> _PROBLEM DETAILS_
Exactly as they appear below, repeat the lines from the one with "CCTV, CCTV surveillance" through the one with "products, bacardi". Drop every picture.

> _MATERIAL PROVIDED_
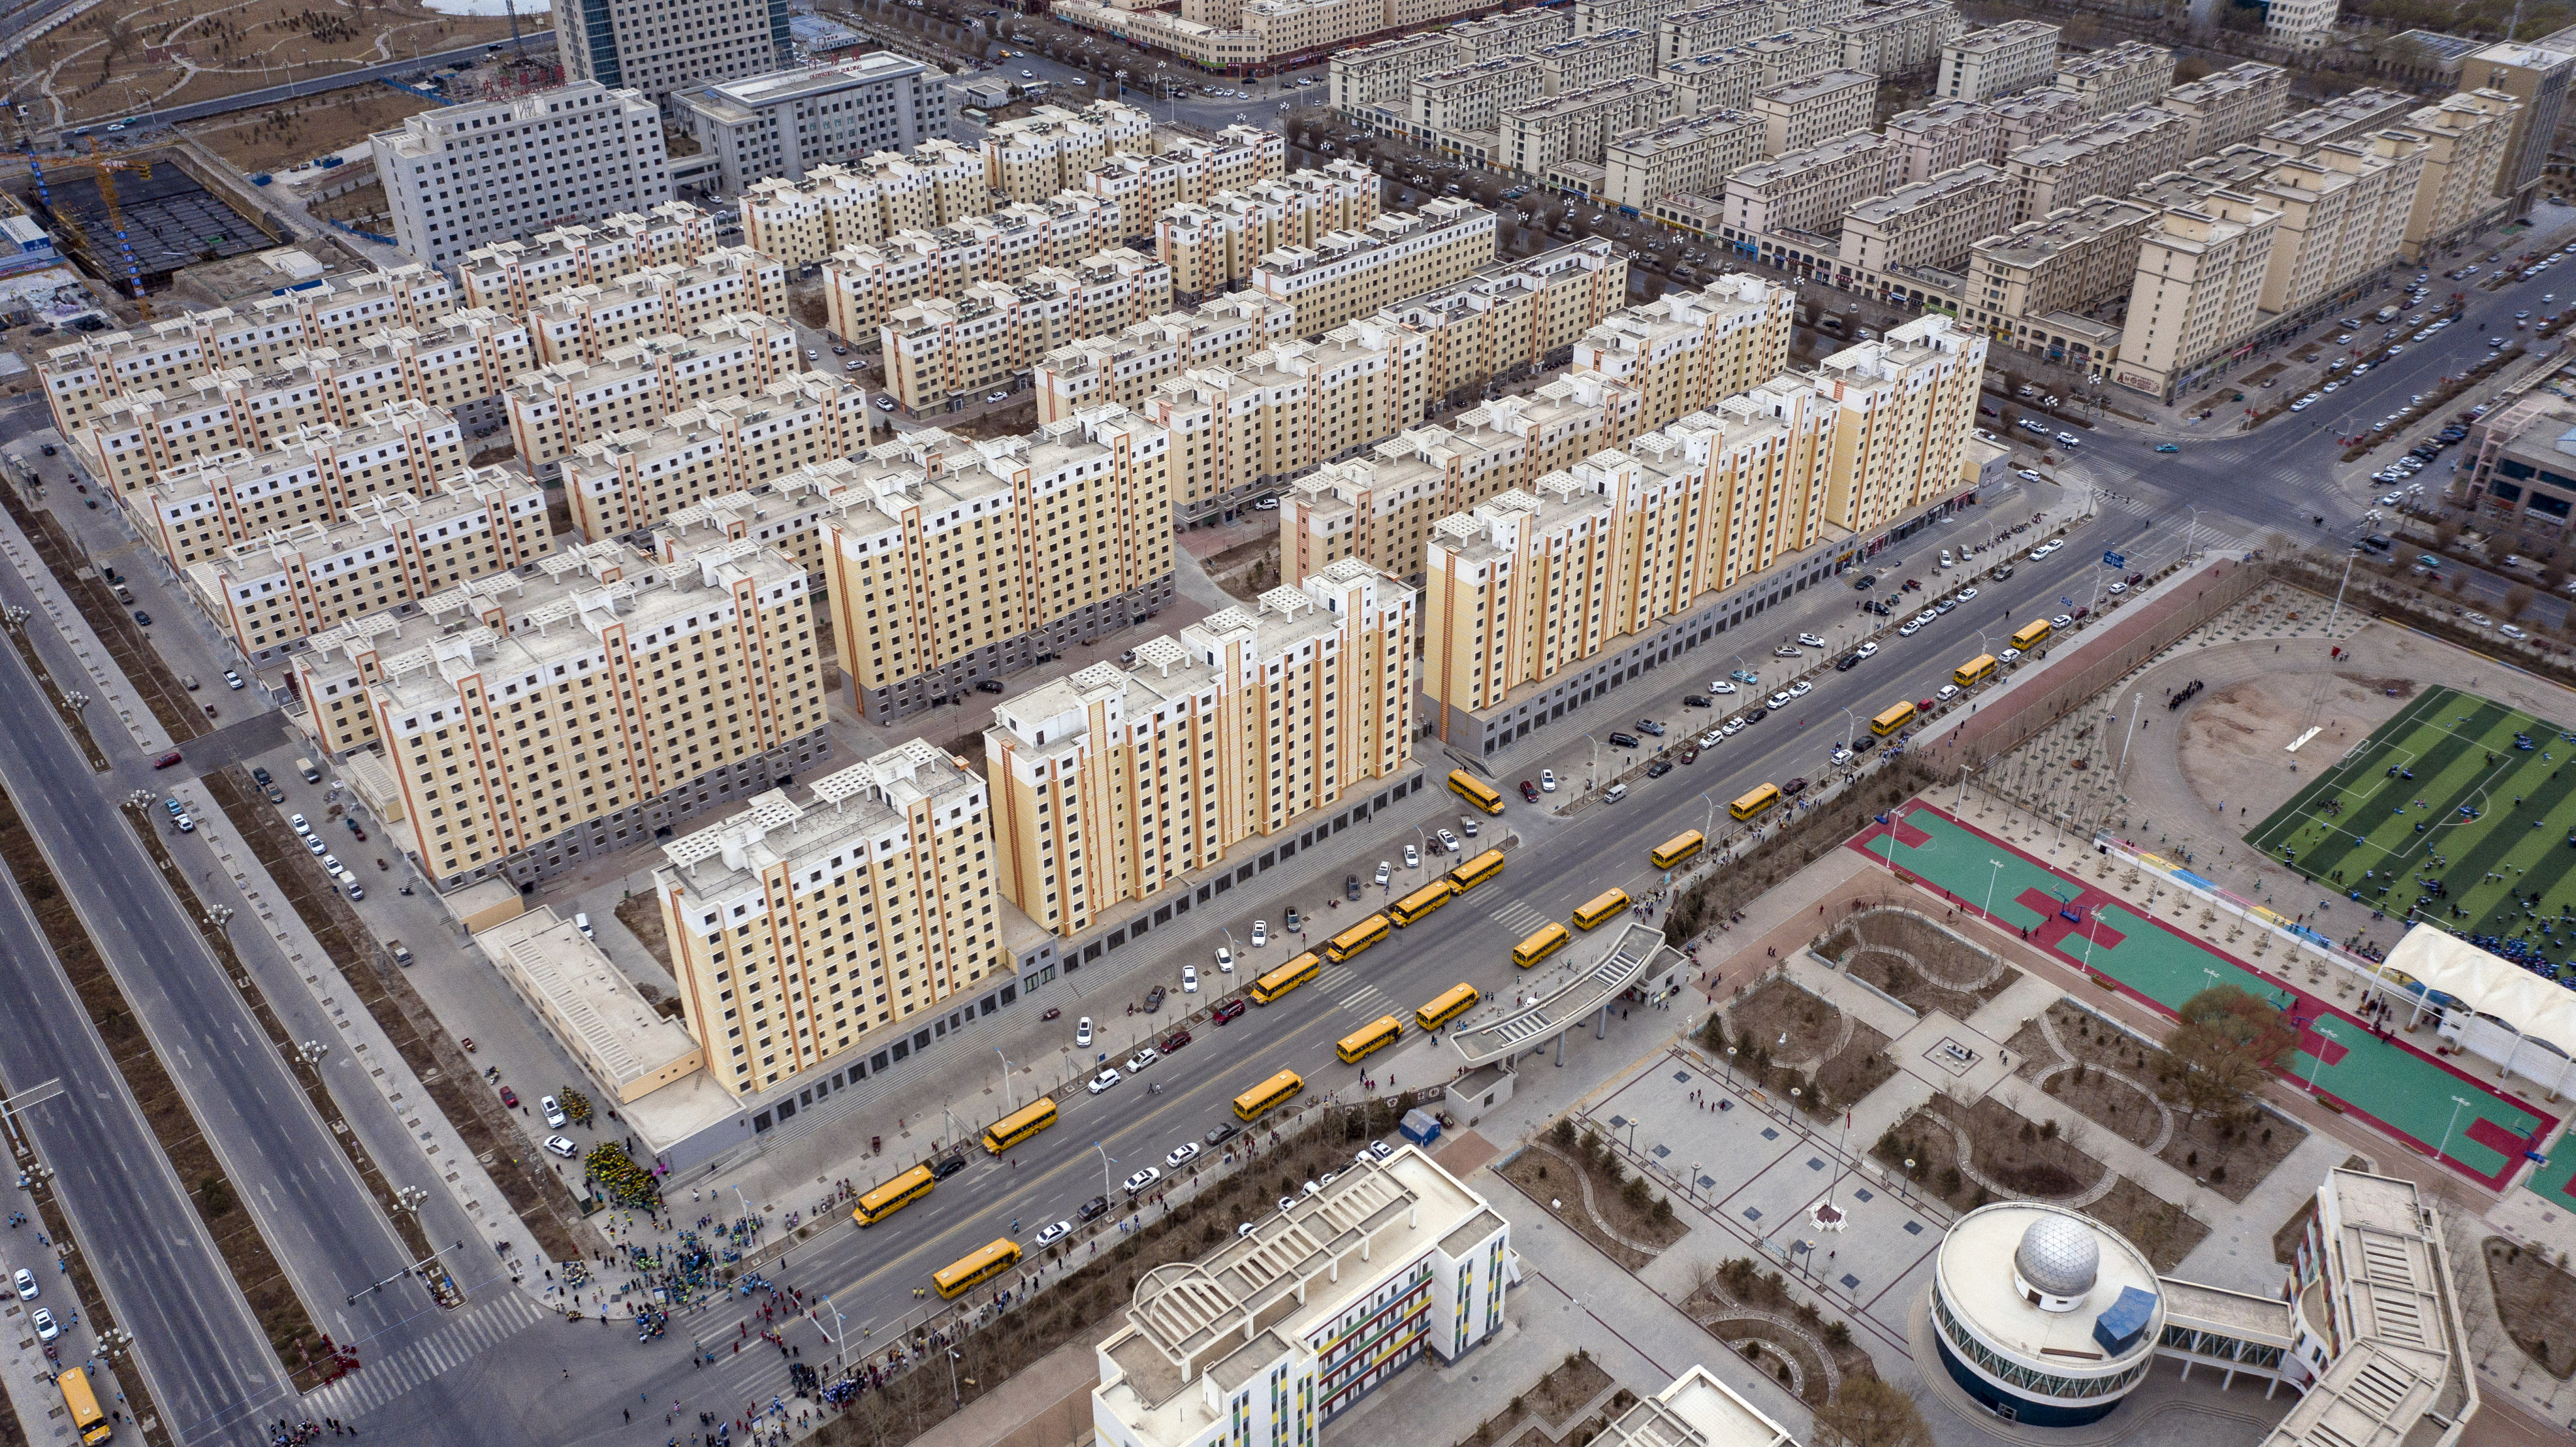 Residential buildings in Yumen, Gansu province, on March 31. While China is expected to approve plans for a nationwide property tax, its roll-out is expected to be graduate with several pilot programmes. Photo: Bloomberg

---

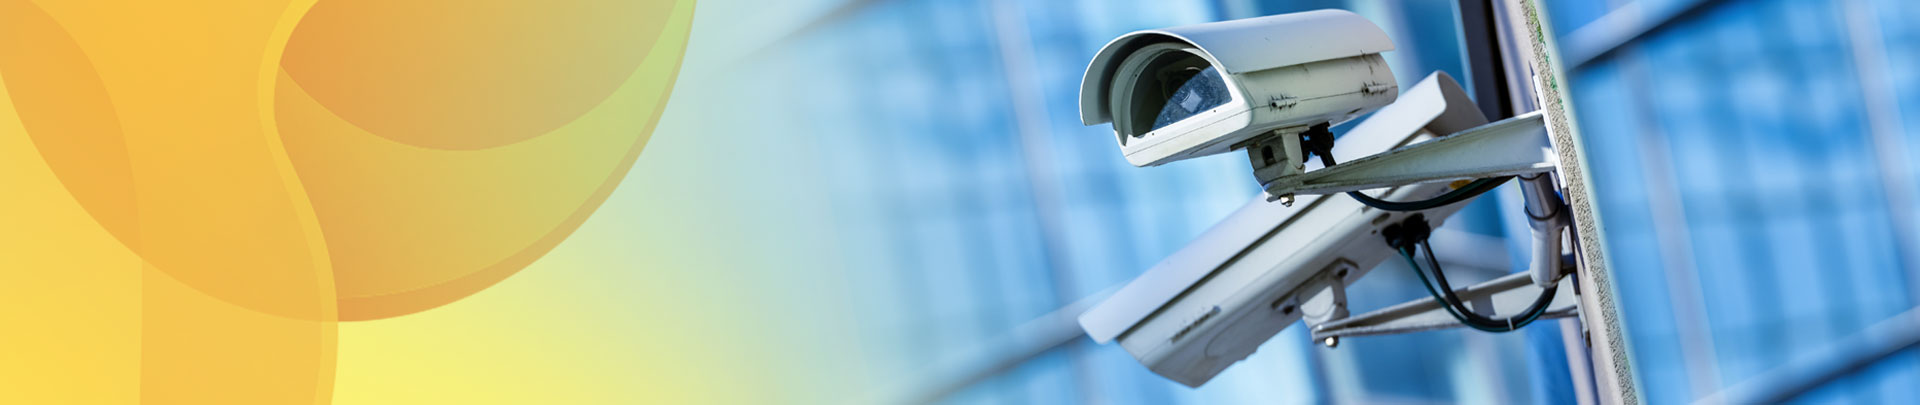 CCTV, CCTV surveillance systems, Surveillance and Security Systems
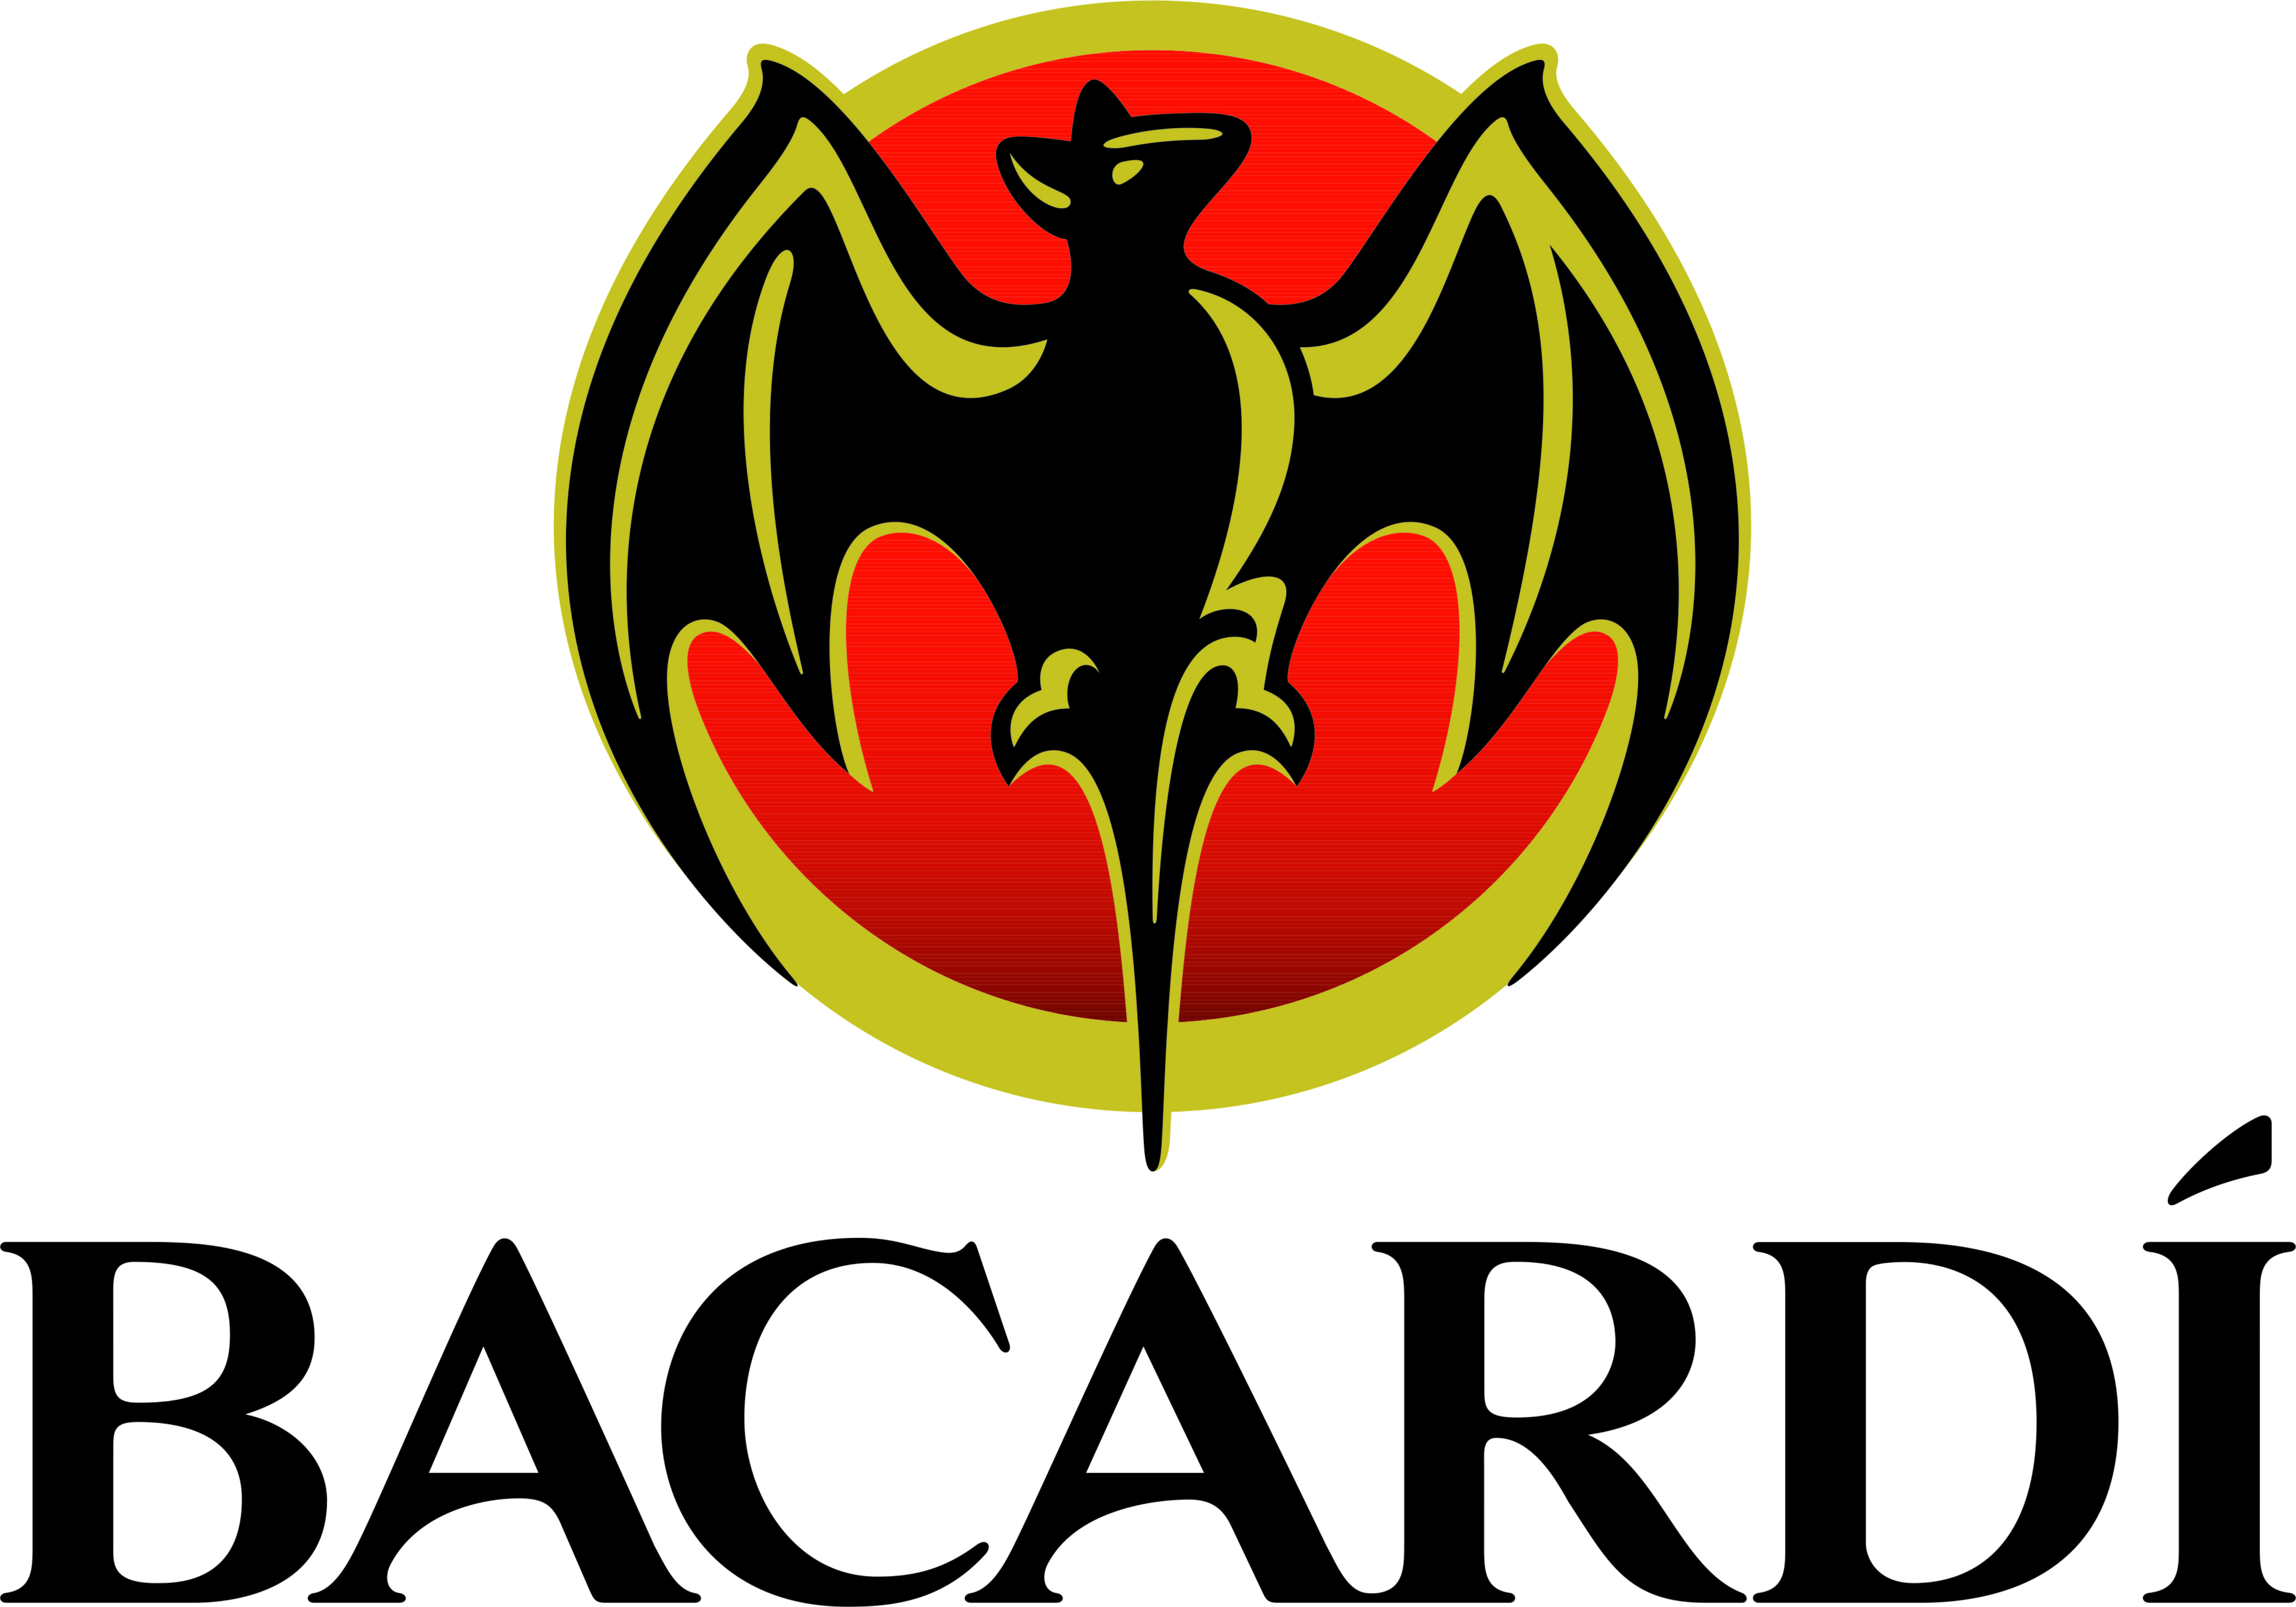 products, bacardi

> _ANSWER FOR THIS EXERCISE_
 CCTV, CCTV surveillance systems, Surveillance and Security Systems
 products, bacardi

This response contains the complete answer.